In a broad sense, it is possible to say that Bolsonaro, since he was elected, seeks to reinforce the “sense of colonization” that, in fact, never went away. Due to this persistence, Caio Prado Jr. he even showed difficulty in perceiving signs of overcoming this orientation, as occurred when he dealt with industrialization, a process that effectively transformed the country.

However, industry has regressed in recent decades to the point where it currently represents only 11% of GDP, a figure comparable to that of the 1940s. .

On the other hand, the current government, as well as the last Brazilian governments, including those of the PT, rely largely on the so-called agribusiness, not-so-distant relative of big exploration. It is necessary to remember that, in its time, the great exploration was a huge innovation, introduced by the Portuguese in their islands in the Atlantic and, later replicated in Brazil, in order to supply the demands of the European market.

More importantly, the agribusiness The current situation is based, to a large extent, as well as the great exploitation, on extractive and predatory practices that are equivalent to real aggressions to the environment. Bolsonaro and his ministers – as had not happened since the dictatorship – openly advocate the destruction of what was left of Brazilian nature. Concentrator of property and income, the agribusiness it doesn't even have the merit of absorbing manpower, as it makes extensive use of worker-replacement technologies.

With regard to workers, both rural and urban, it is not difficult to see how, since the Temer government, efforts have been made to carry out a true campaign against their rights. This was the meaning behind the Labor Reform and the Social Security Reform, justified as measures capable of generating large investments, but which produced meager economic results.

The affinity of these initiatives with an attitude, present since the colony, which sees the worker as nothing more than a work tool is evident. In addition, the numbers of those without a work permit increase, the so-called informal market, which, in turn, can be considered as a not-so-distant relative of Caio Prado Jr. called the “inorganic sector”.

In a broader reference, slavery in Brazil stimulated a contempt for human life that is evident today in the way the coronavirus pandemic is dealt with.
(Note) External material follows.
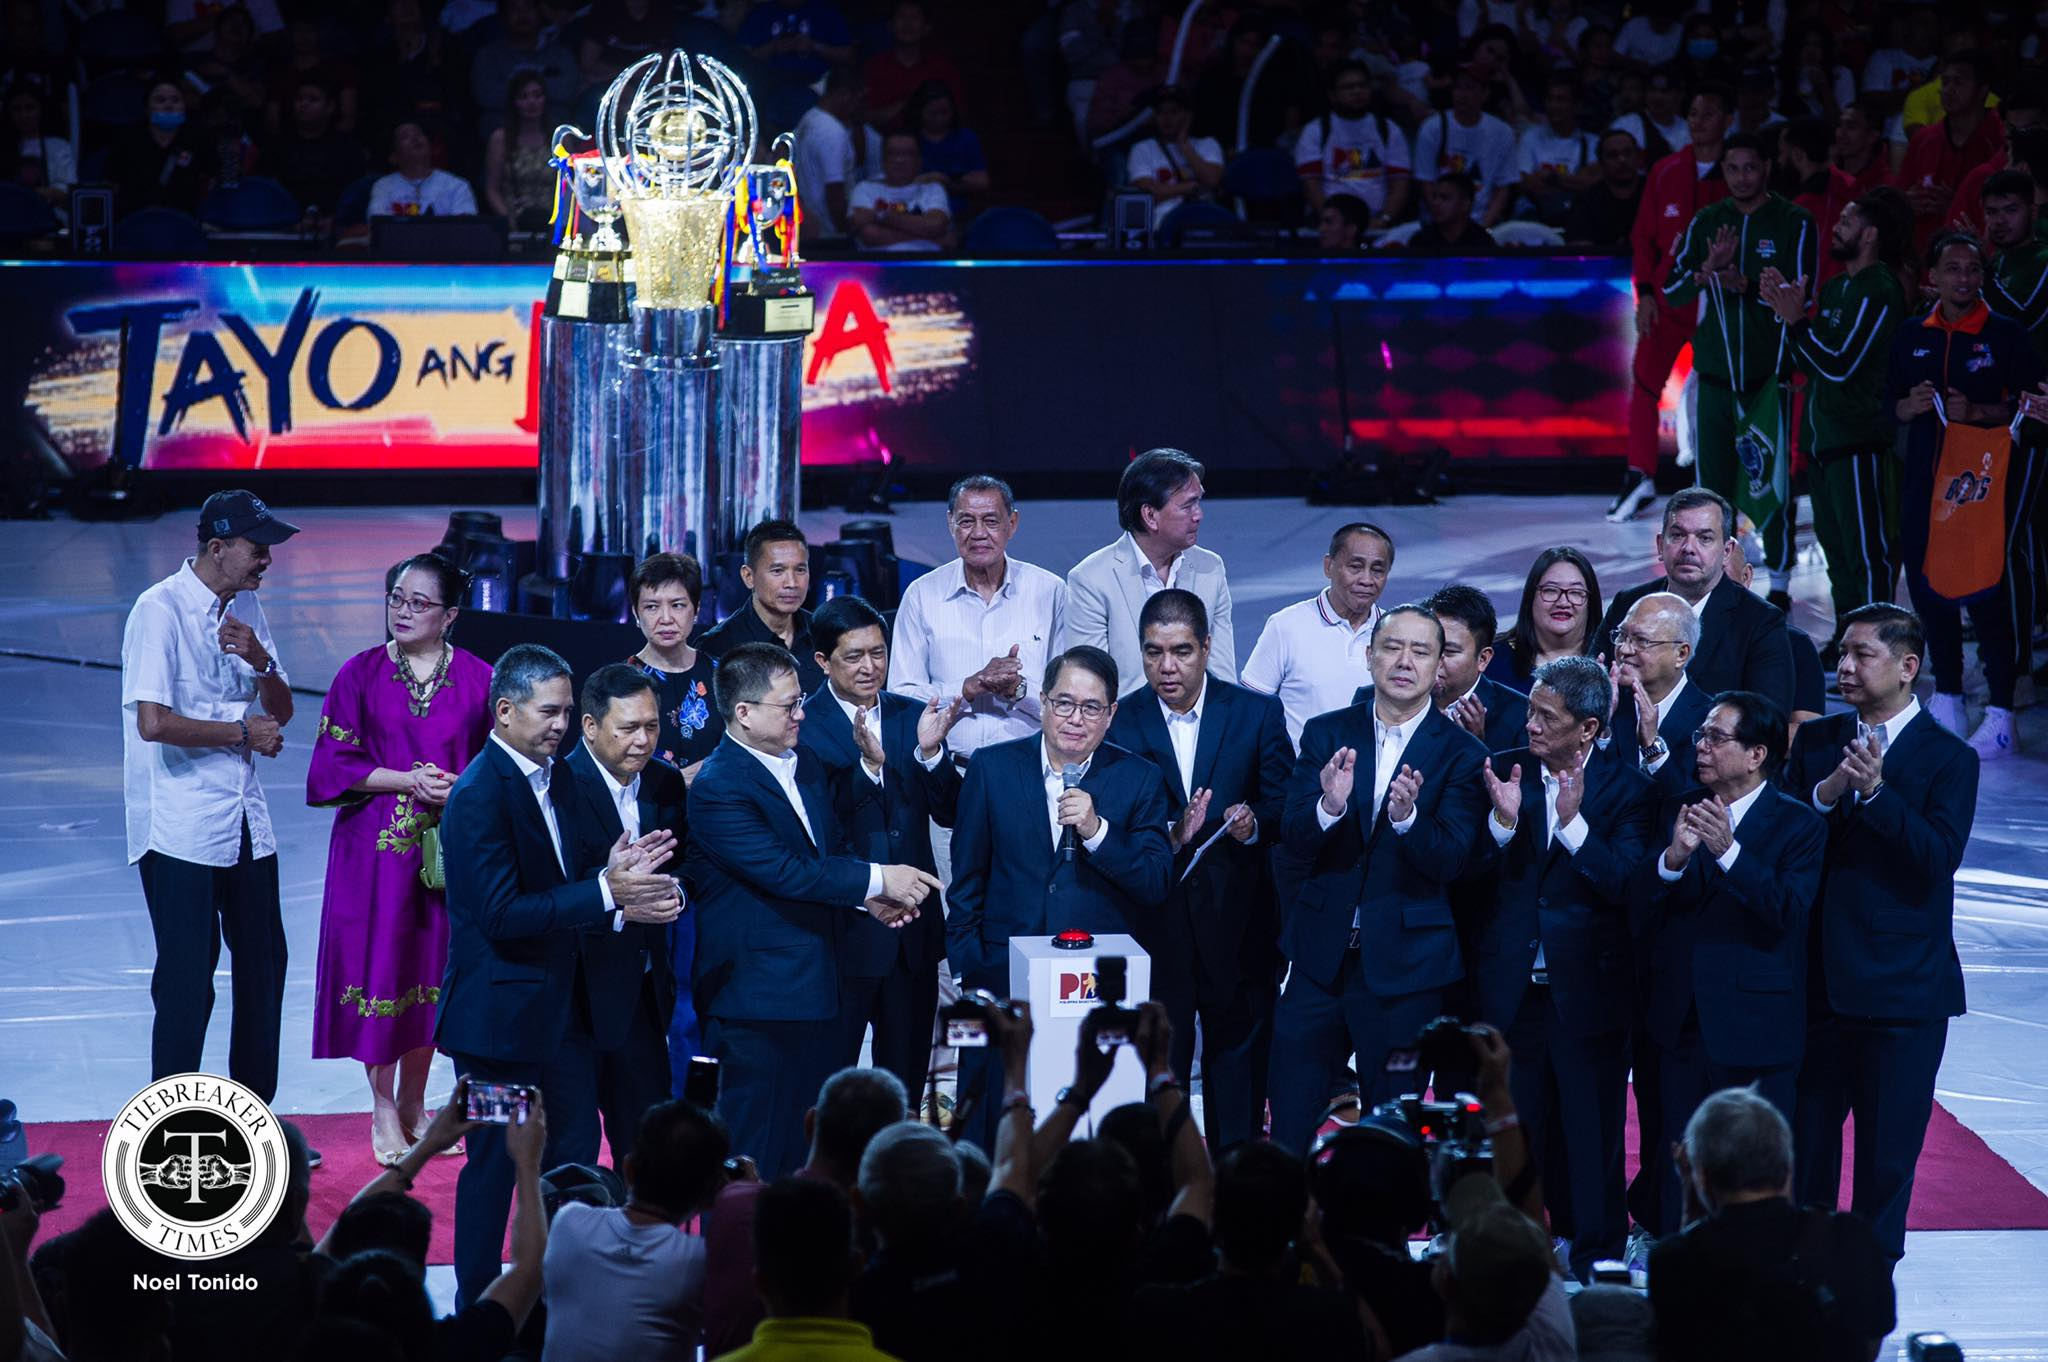 Tiebreaker Times PBA suspends games due to coronavirus crisis Basketball News PBA PBA 3X3 PBA D-League  PBA Season 45 Coronavirus Pandemic 2020 PBA Philippine Cup 2020 PBA D-League Season 2020 PBA D-League Aspirants Cup 2020 PBA 3x3 Philippine Cup

The last chapter of this true horror show is the shameless defense that private groups can import vaccines to combat the virus, which would leave the vast majority of the population starving.

In this sense, more than a deviation from Brazilian history, Bolsonaro helps to push it back to a course established since the colony. In a way, this desire was already expressed in the infamous slogan that appeared during the demonstrations that led to the impeachment of Dilma Rousseff: “I want my country back”.

Even so, much of Caio Prado Jr. it is not incompatible with that of Gilberto Freyre, the historian from São Paulo who was influenced by the sociologist from Pernambuco. Indication of this is the observation, in Formation of contemporary Brazil, that the Spanish and Portuguese exploitative colonies would have ended up creating an original society, different from the Anglo-Saxon settlement colonies, a simple extension of Europe.

However, Brazilian civilization is more a possibility than a reality, an aspect, it is true, indicated by Freyre and Caetano. However, they failed to draw attention to the fact that for this civilization to exist one day, it is necessary, first of all, to put an end to the conditions that came from the colony and led to Bolsonarist barbarism.

*Bernardo Ricupero He is a professor in the Department of Political Science at USP. Author, among other books, of Romanticism and the idea of ​​nation in Brazil (WMF Martins Fontes).